• Tidak ada hasil yang ditemukan

BAB III DESKRIPSI ULOS

3.2. Kain Ulos

3.2.1. Jenis-jenis Ulos

Ulos sebagai sebentuk kain tenunan yang hidup dalam kebudayaan masyarakat Batak Toba memiliki beragam jenis yang sesuai dengan fungsi dan peruntukannya, adalah :

1. Ulos Jugia

Ulos ini disebut juga “ulos naso ra pipot” atau “pinunsaan”. Biasanya ulos yang harga dan nilainya sangat mahal dalam suku Batak disebut ulos “homitan” yang disimpan di “hombung” atau “parmonang-monangan” (berupa lemari pada jaman dahulu). Menurut kepercayaan orang Batak, ulos ini tidak diperbolehkan dipakai sembarangan kecuali orang yang sudah “saur matua” atau dengan kata lain “naung gabe” (orang tua yang sudah mempunyai cucu dari anaknya laki-laki dan perempuan).

Gambar 2 Ulos Jugia

Sumber : penulis.

Motif ulos jugia seperti yang terlihat digambar adalah bermotif polos di sisi kanan dan kiri atau dalam istilah Batak disebut Ambi, dengan tambahan satu garis lurus berwarna putih di kedua sisinya. Pada bagian tengahnya atau dalam istilah Batak disebut Tor terdapat motih garis-garis putih dibagaian tengah ulos yang berwarna hitam. Bagian kepala bawah dan atas atau Tinorpa ditenun dengan motif yang rumit untuk menegaskan seberapa berharganya ulos ini. Simbol- simbol yang terdapat di dalam ulos ini menggambarkan pemakainya yang sudah mencapai kesempurnaan dalam hidupnya karena sudah memiliki anak dan cucu dari setiap keturunannya.

Tingginya aturan pemakaian jenis ulos ini menyebabkan ulos merupakan benda langka hingga banyak orang yang tidak mengenalnya.
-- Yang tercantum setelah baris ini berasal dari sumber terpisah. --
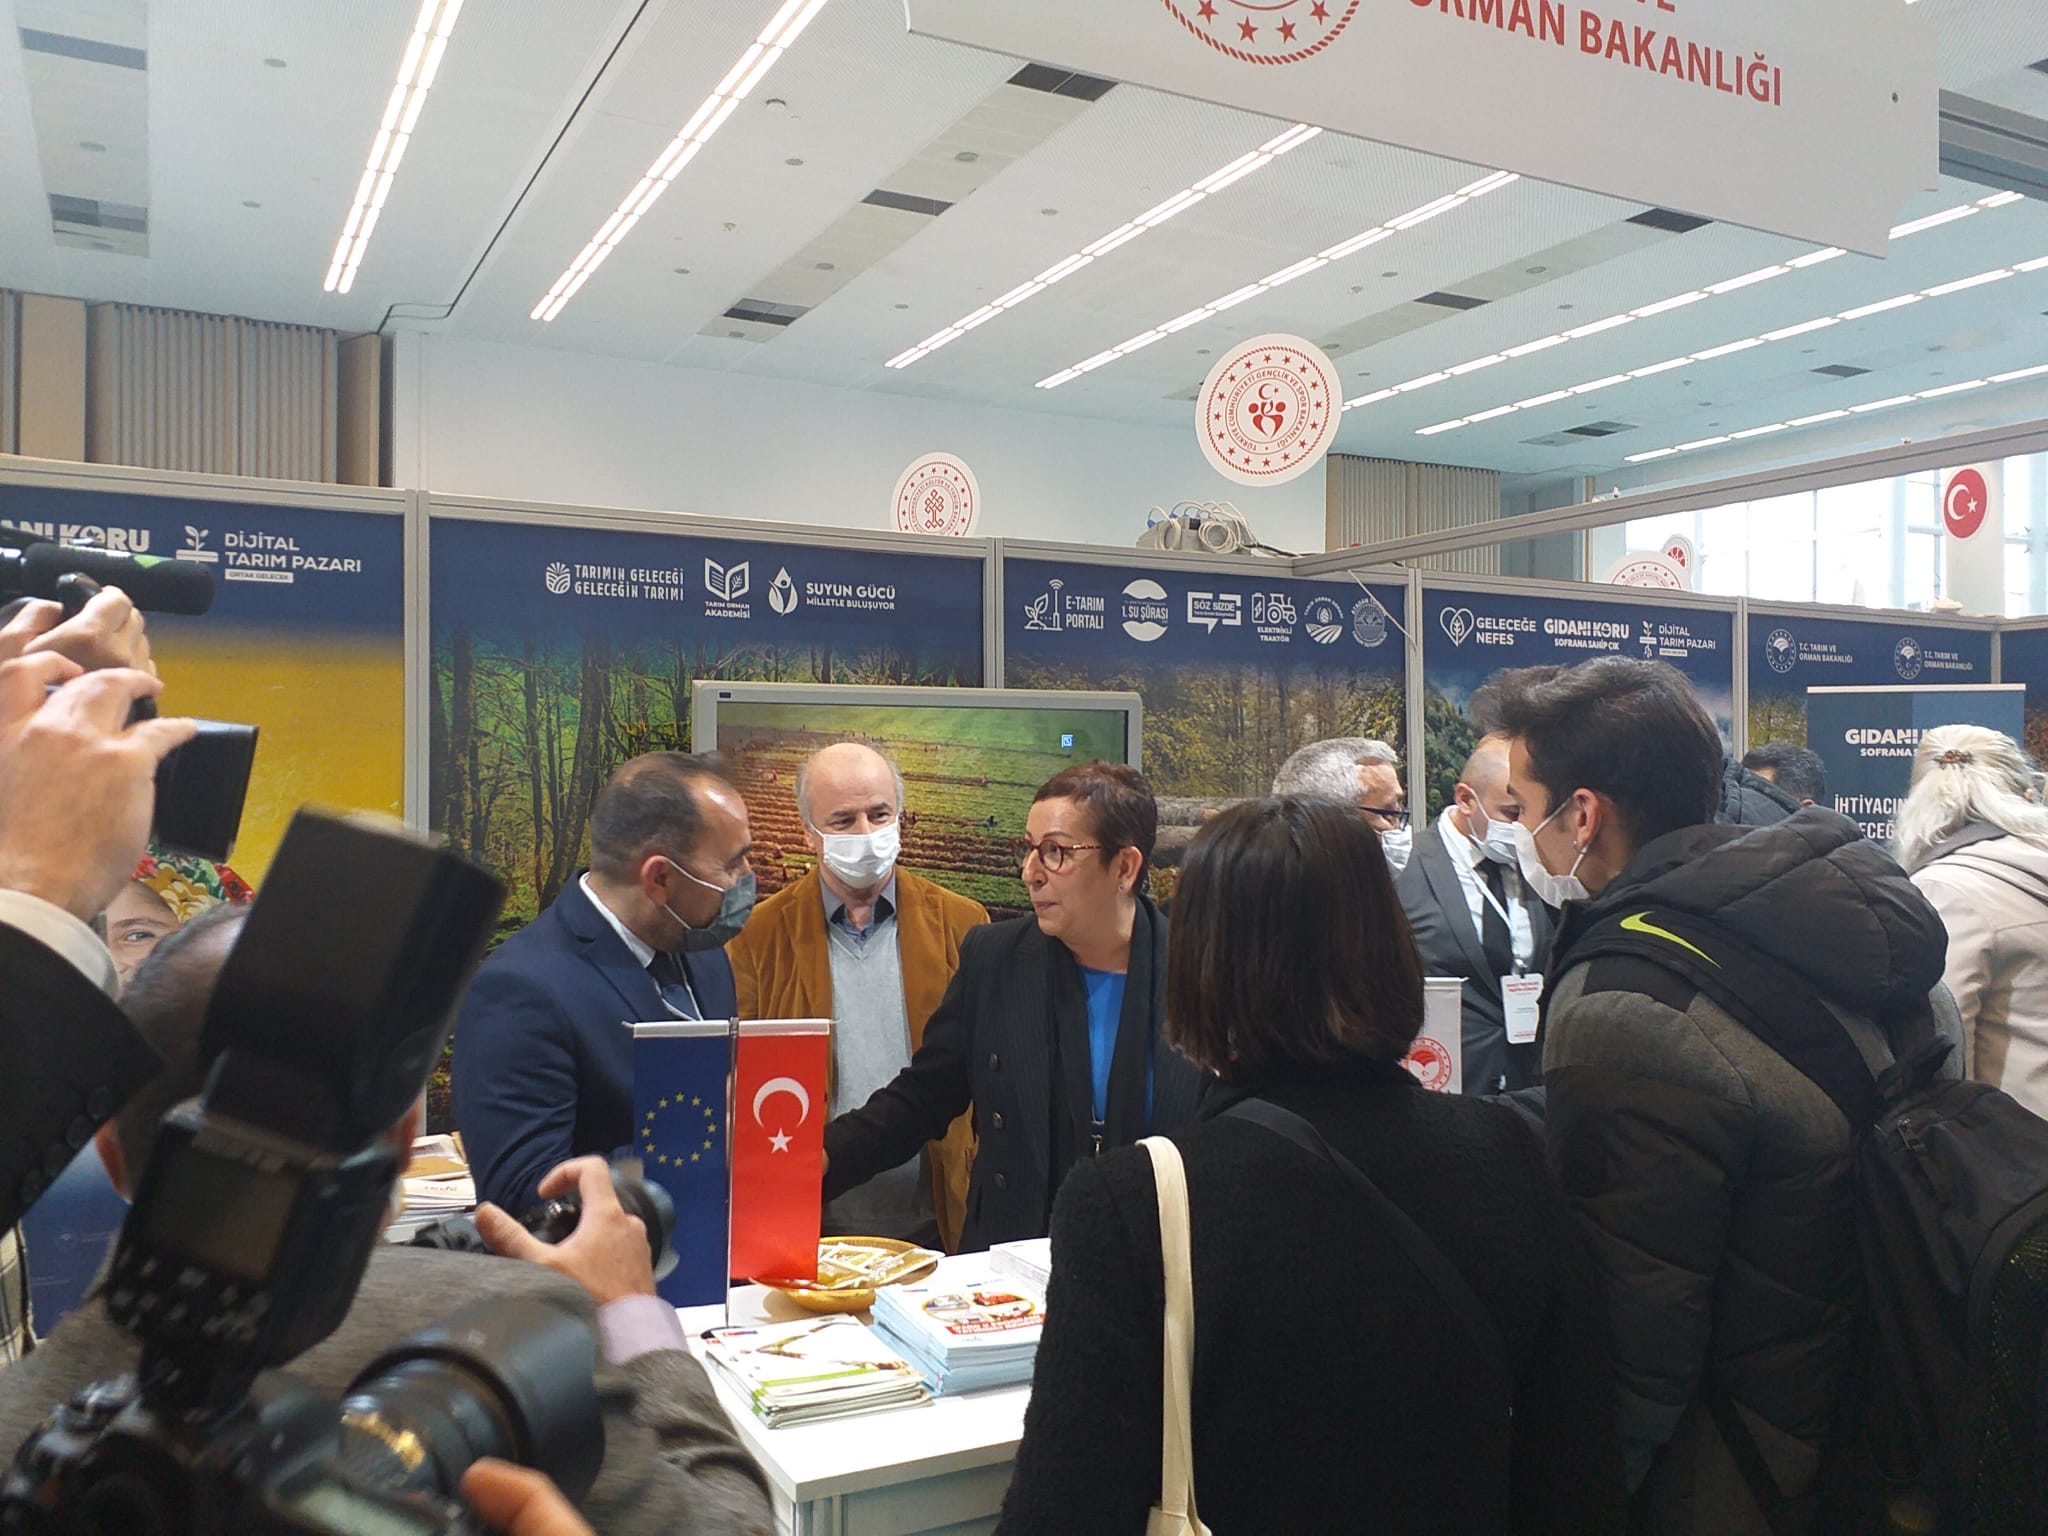 PARTICIPATION WAS REALIZED IN THE “STATE’S INCENTIVES PROMOTION DAYS” FAIR ORGANIZED BY THE T.R. DIRECTORATE OF COMMUNICATIONS OF TURKISH PRESIDENCY B

Menurut penuturan salah seorang informan, Op. E. Sinaga (70 tahun) :

“Ulos sering menjadi barang warisan orang tua kepada anaknya dan nilainya sama dengan “sitoppi” (emas yang dipakai oleh istri raja pada waktu pesta) yang ukurannya sama dengan ukuran padi yang disepakati dalam jumlah besar.”

Ulos Jugia dalam kehidupan masyarakat Batak Toba dianggap sebagai sehelai kain tenun yang kelak akan diwariskan kepada sang anak sebagai sebentuk materi pemberian dari orangtua kepada anak yang juga mengandung pesan untuk meneruskan perjalanan kehidupan.

2. Ulos Ragi Hidup

Ulos ini dalam penggunaannya berada setingkat dibawah Ulos Jugia. Banyak orang beranggapan ulos ini adalah yang paling tinggi nilanya, mengingat ulos ini bisa dipakai dalam setiap upacara adat Batak.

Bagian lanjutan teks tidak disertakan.